However, there is a lot more to AI than high-school maths and I don't just meean -more maths. I mean knowledge, lore if you like. It's a field with a long history, stretching back to the 1930's even (before it was actually named as "AI" in Dartmouth, in the 1950's). A lot of very capable people have worked on AI for a very long time and have actually advanced their respective sub-fields each with leaps and bounds and it's not very sensible to expect new leaps while being completely clueless of what has been achived before. You can't stand on the shoulders of giants if you don't know that there are giants and that they have shoulders you can stand on.

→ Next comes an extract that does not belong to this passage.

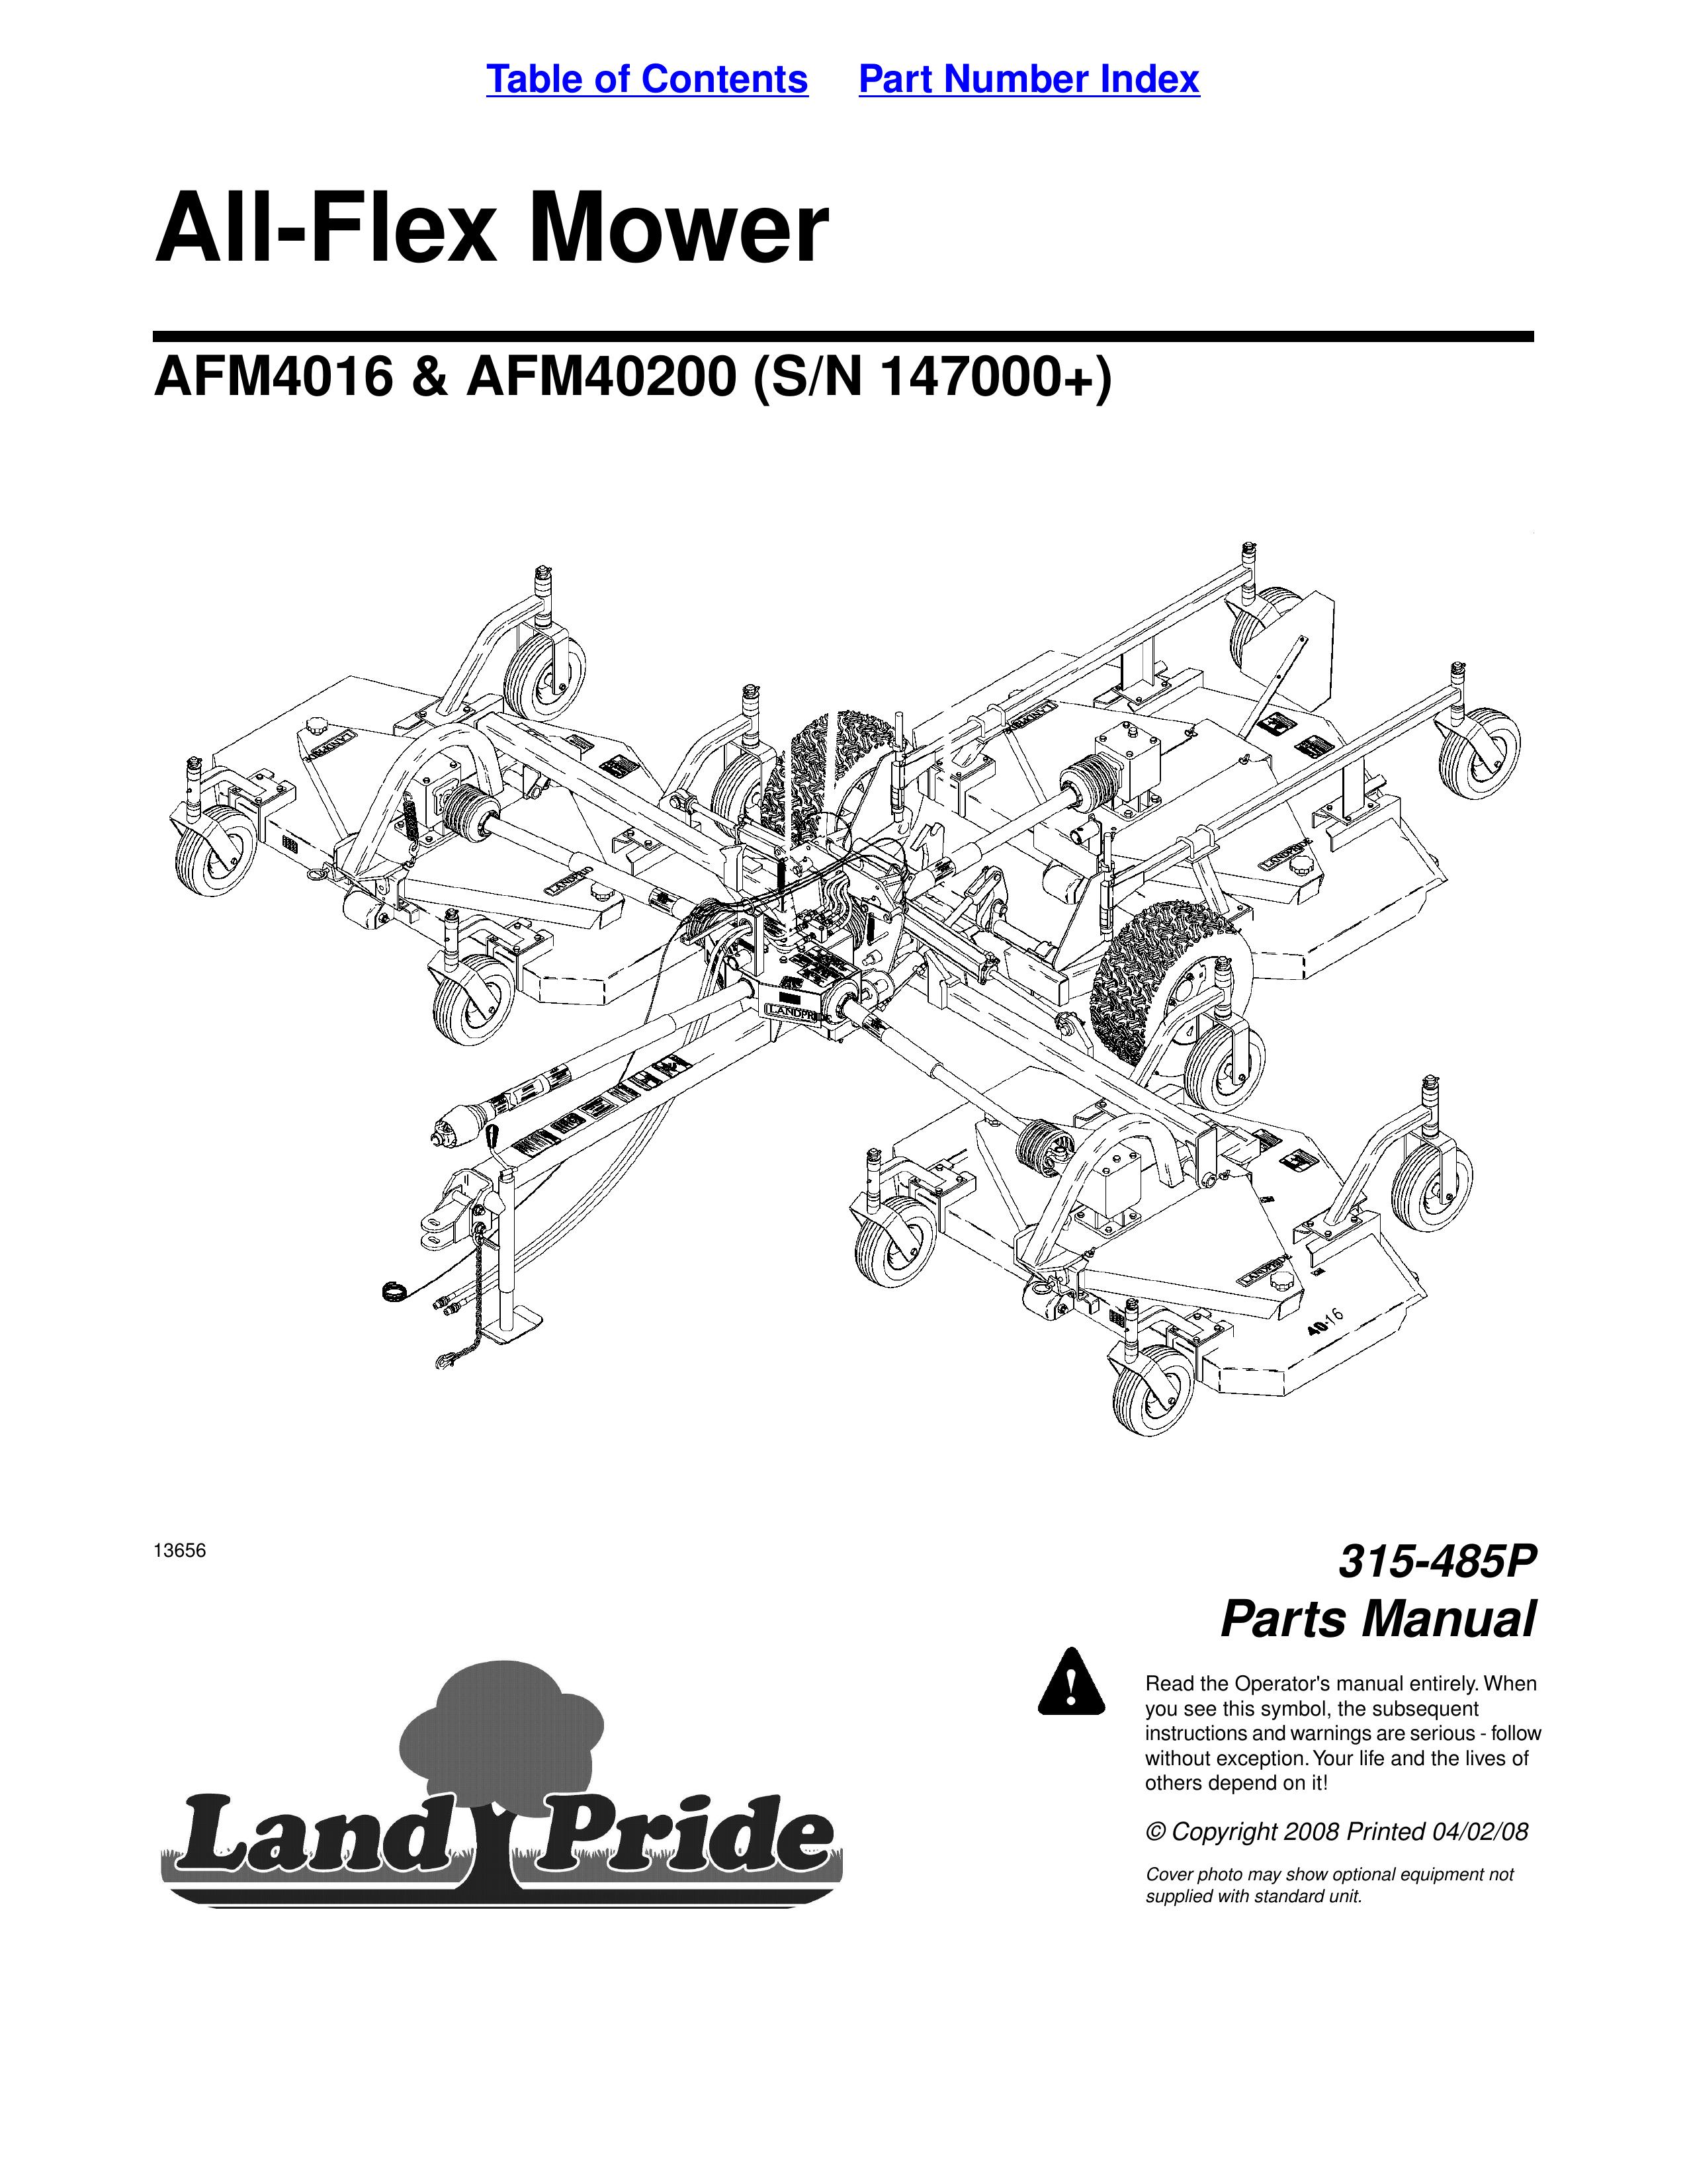 Land Pride All-Flex Mower Lawn Mower User Manual
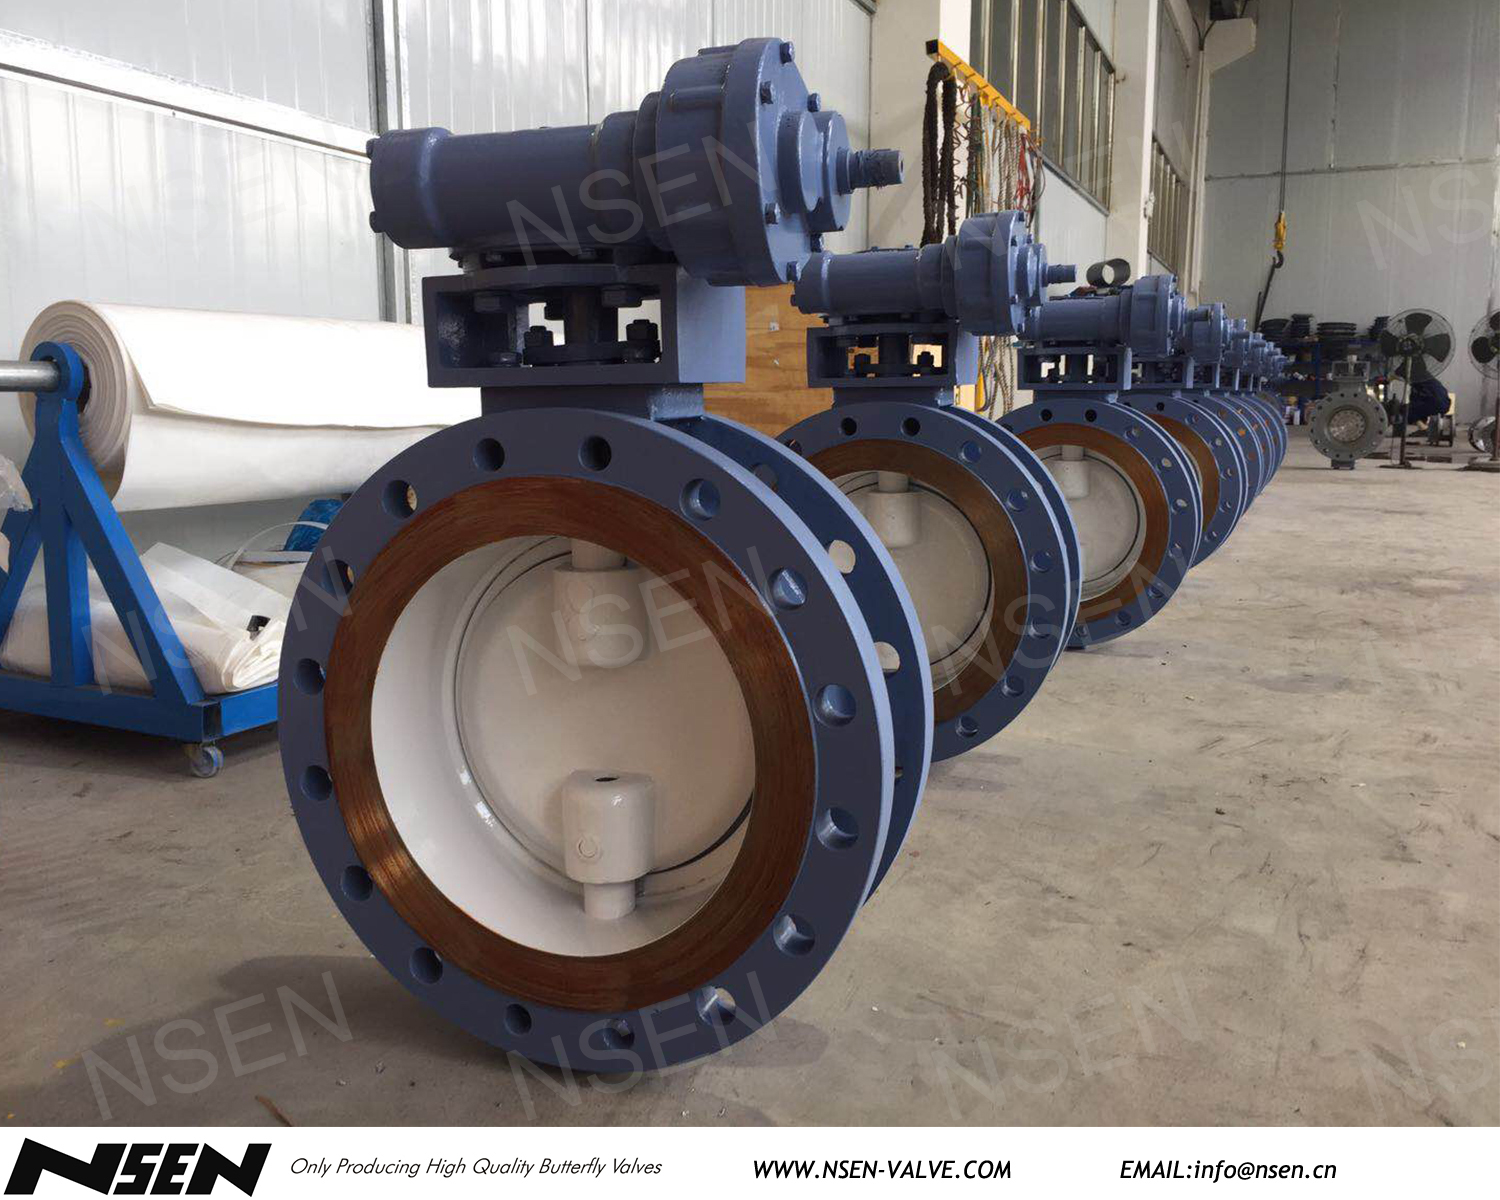 NSEN valve obtain TUV API607 Certification

Unfortunately, most people who enter the field today know nothing of all that, or even that there was an "all that" before 2012 (if they even know what happened in 2012; and to be honest, one wouldn't understand what 2012 means if one doesn't know what came before). So on the one hand they are not capable of making leaps and on the other hand they don't even know what a leap would look like. And probably think that a "leap" is a 10% improvement of the state of the art for a standard classification benchmark.
I agree with you though that what is needed to make leaps in AI is curiosity. Lots and lots of curiosity. Vast amounts of curiosity. Curiosity of the kind that you only find in people who are a bit zbouked in the head. Or just people who have a lot of time in their hands, to study whatever their fancy tells them to.
So- not the kind of person who flashcards The Deep Learning Book, if nothing else because that means the person doesn't have the time to, you know, actually read the damn book well enough to grokk it.
I mean seriously, what the fuck is it with the bloody flashcards?
I know I’m just speaking from my own experience and what works for me doesn’t necessarily work for everybody. But my claim isn't that everyone should do as I did, my claim is that you're wrong that a self-taught ML researcher would necessarily only be able to make superficial contributions because they are bad at math.